Dear I am using this branch TVM:

And I want to auto tune my tir using meta_schedule.tune_tir but I got below error

Traceback (most recent call last):
  File "/mnt/e/ubuntu_code/relax/apps/relax_examples/my_test.py", line 154, in <module>
    database = ms.tune_tir(
  File "/mnt/e/ubuntu_code/relax/python/tvm/meta_schedule/tir_integration.py", line 134, in tune_tir
    TuneContext(
  File "/mnt/e/ubuntu_code/relax/python/tvm/meta_schedule/tune_context.py", line 149, in __init__
    _ffi_api.TuneContextInitialize(self)  # type: ignore # pylint: disable=no-member
  File "/mnt/e/ubuntu_code/relax/python/tvm/_ffi/_ctypes/packed_func.py", line 238, in __call__
    raise get_last_ffi_error()
tvm._ffi.base.TVMError: Traceback (most recent call last):
  5: TVMFuncCall
  4: tvm::runtime::PackedFuncObj::Extractor<tvm::runtime::PackedFuncSubObj<tvm::runtime::TypedPackedFunc<void (tvm::meta_schedule::TuneContext)>::AssignTypedLambda<tvm::runtime::Registry::set_body_method<tvm::meta_schedule::TuneContext, tvm::meta_schedule::TuneContextNode, void, , void>(void (tvm::meta_schedule::TuneContextNode::*)())::{lambda(tvm::meta_schedule::TuneContext)#1}>(tvm::runtime::Registry::set_body_method<tvm::meta_schedule::TuneContext, tvm::meta_schedule::TuneContextNode, void, , void>(void (tvm::meta_schedule::TuneContextNode::*)())::{lambda(tvm::meta_schedule::TuneContext)#1}, std::__cxx11::basic_string<char, std::char_traits<char>, std::allocator<char> >)::{lambda(tvm::runtime::TVMArgs const&, tvm::runtime::TVMRetValue*)#1}> >::Call(tvm::runtime::PackedFuncObj const*, tvm::runtime::TVMArgs, tvm::runtime::TVMRetValue*)
  3: tvm::meta_schedule::TuneContextNode::Initialize()
  2: tvm::meta_schedule::PostOrderApplyNode::InitializeWithTuneContext(tvm::meta_schedule::TuneContext const&)
  1: tvm::meta_schedule::SpaceGeneratorNode::InitializeWithTuneContext(tvm::meta_schedule::TuneContext const&)
  0: tvm::meta_schedule::GetRuleKindFromTarget(tvm::Target const&)
  File "/mnt/e/ubuntu_code/relax/src/meta_schedule/space_generator/space_generator.cc", line 82
TVMError: Unsupported target: opencl -keys=opencl,gpu -max_num_threads=256 -max_shared_memory_per_block=16384 -max_threads_per_block=256 -texture_spatial_limit=16384 -thread_warp_size=1

I checked the file “https://github.com/mlc-ai/relax/blob/mlc/src/meta_schedule/space_generator/space_generator.cc” Seems relax auto tune does not support OpenCL

Anyone knows how to tune opencl with relax branch? thanks

Can you try adding "opencl" to this line?
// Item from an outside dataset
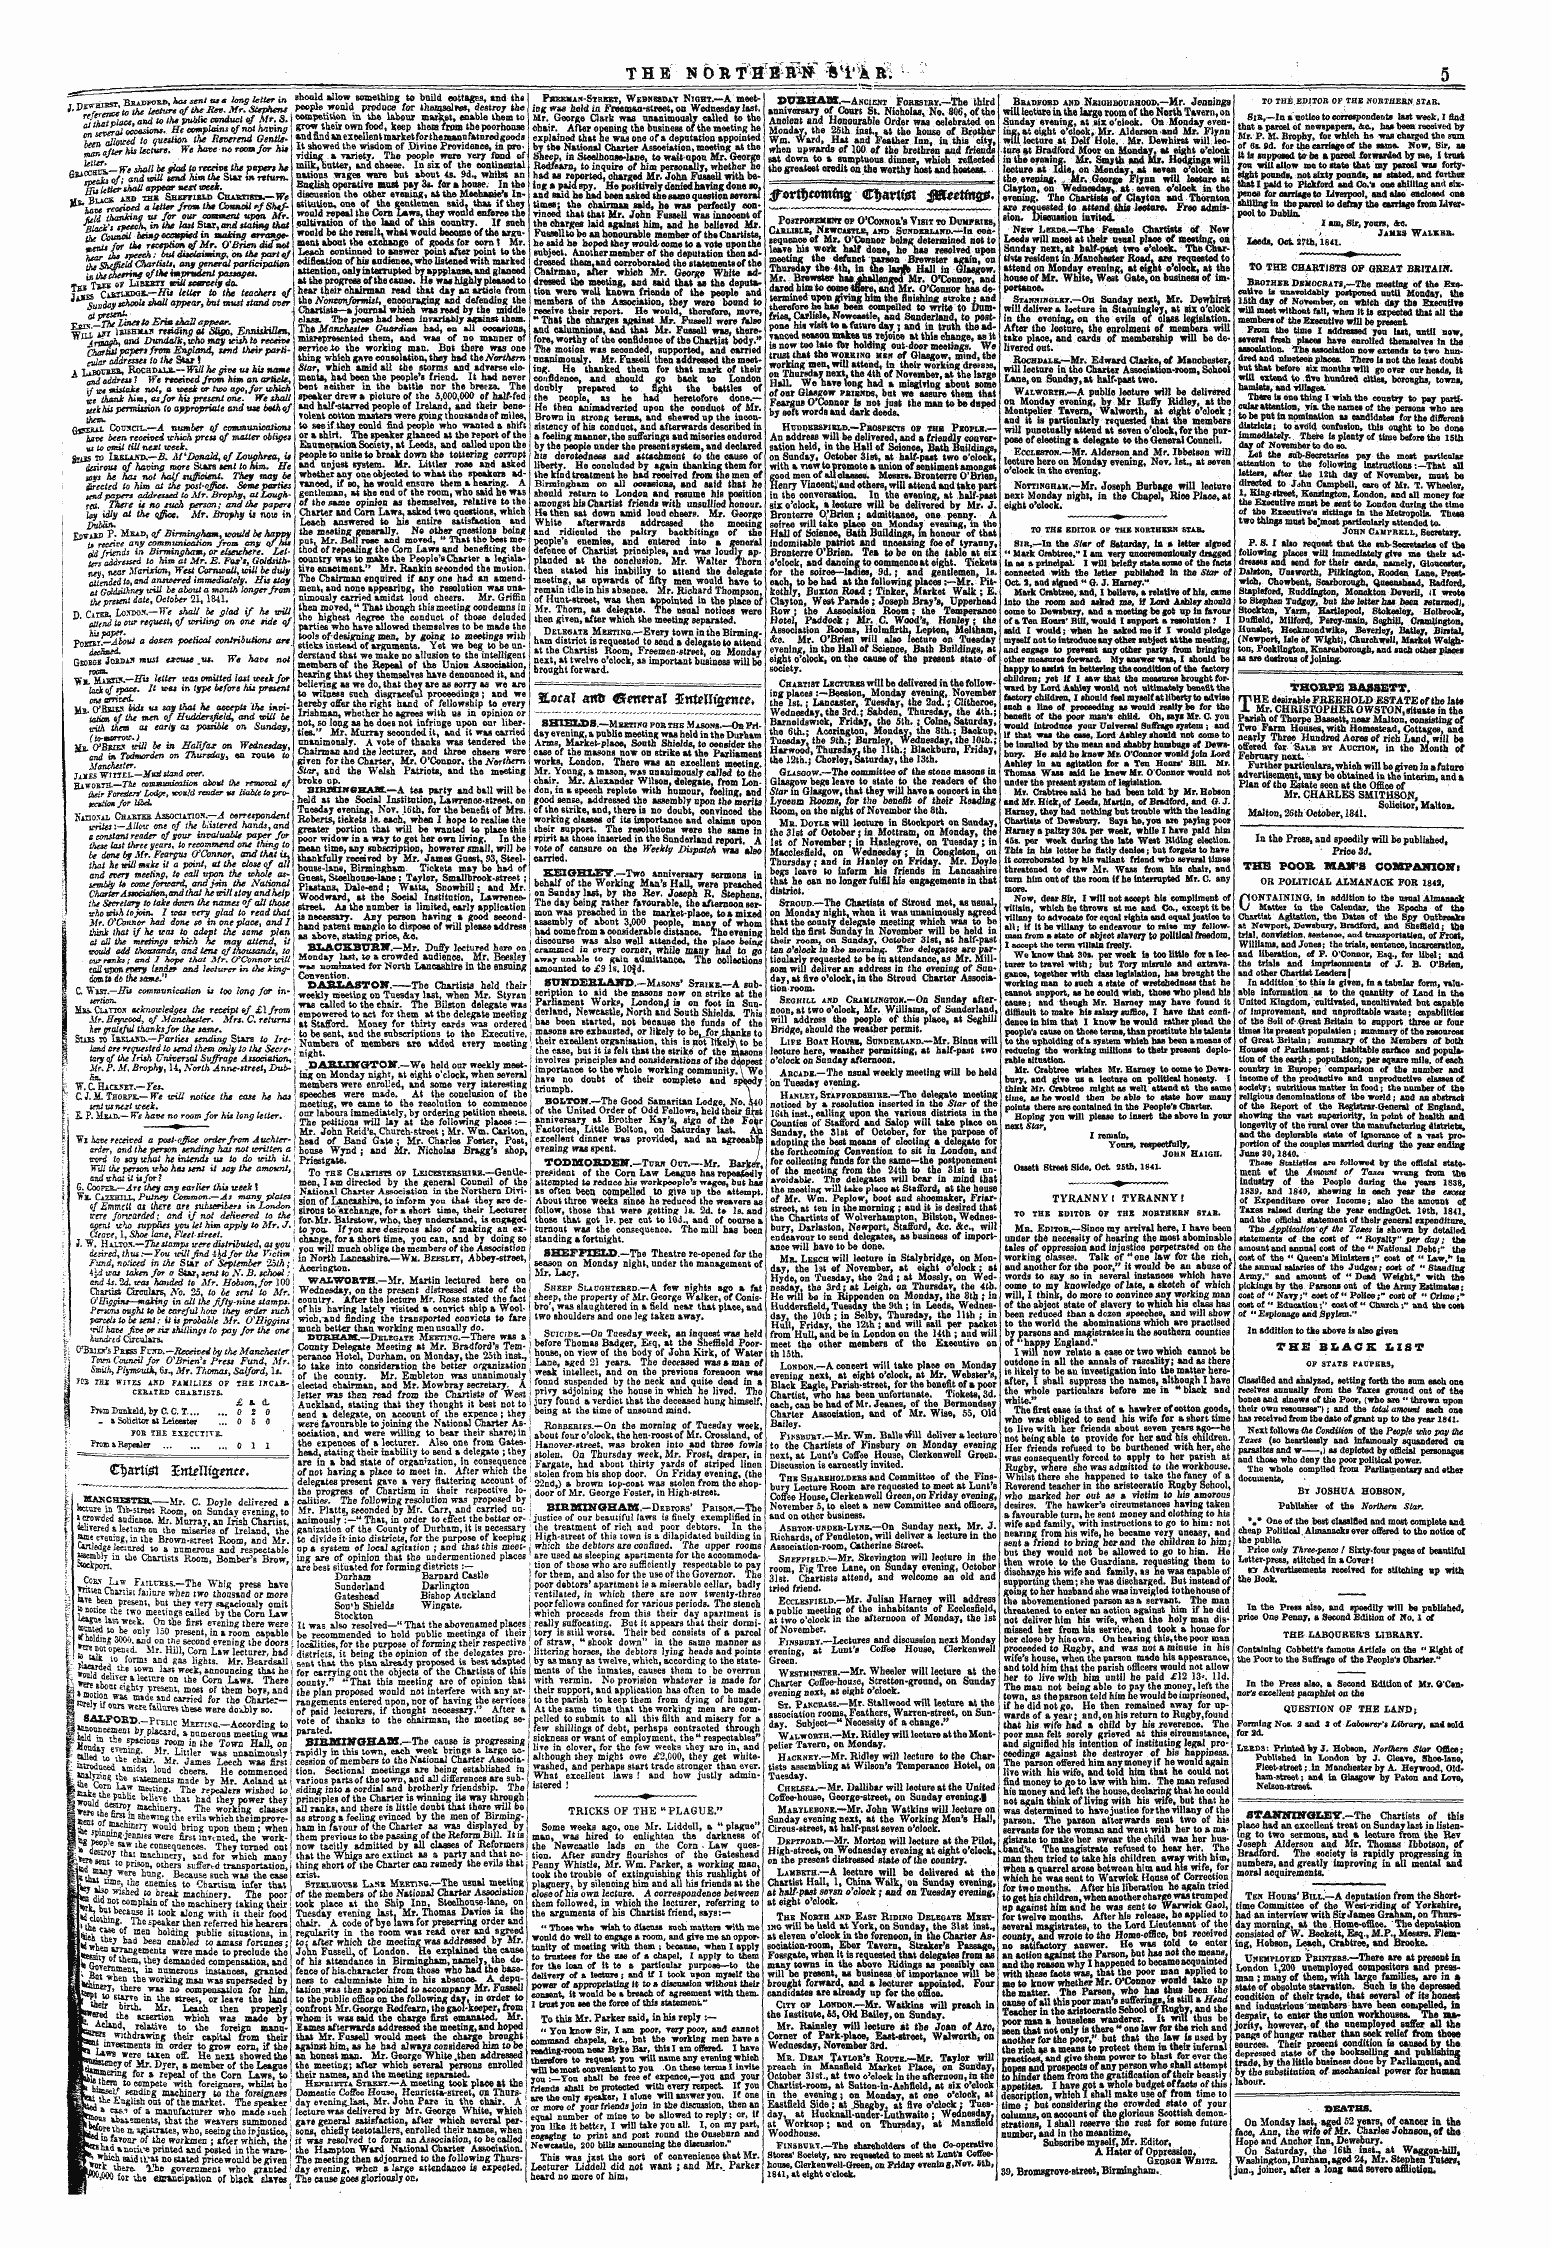 Northern Star (1837-1852): jS F Y, 3rd edition - €$Artt# Zsfetlisente.

Thanks for your reply. I modify as you said. I want to tune opencl on my android mobile phone via RPC. my code is below

rpc_host = "127.0.0.1"
rpc_port = 9190
rpc_key = "android"

my_rpc_config = ms.runner.RPCConfig(
            tracker_host=rpc_host,
            tracker_port=rpc_port,
            tracker_key=rpc_key,
            session_timeout_sec=180,
        )
my_workers = my_rpc_config.count_num_servers(allow_missing=False)

def get_runner():
    runner_config = {
        "evaluator_config": ms.runner.EvaluatorConfig(
            number=3,
            repeat=1,
            min_repeat_ms=100,
            enable_cpu_cache_flush=False,
        ),
        "alloc_repeat": 5,
    }
    runner = ms.runner.RPCRunner(
        rpc_config=my_rpc_config, max_workers=my_workers, **runner_config
    )

    return runner

database = ms.tune_tir(
    mod=MyModule,
    target="opencl",
    max_trials_global=1280,
    num_trials_per_iter=64,
    work_dir="./tune_tmp",
    runner=get_runner(),
)
print(type(database))
sch = ms.tir_integration.compile_tir(database, MyModule, "opencl")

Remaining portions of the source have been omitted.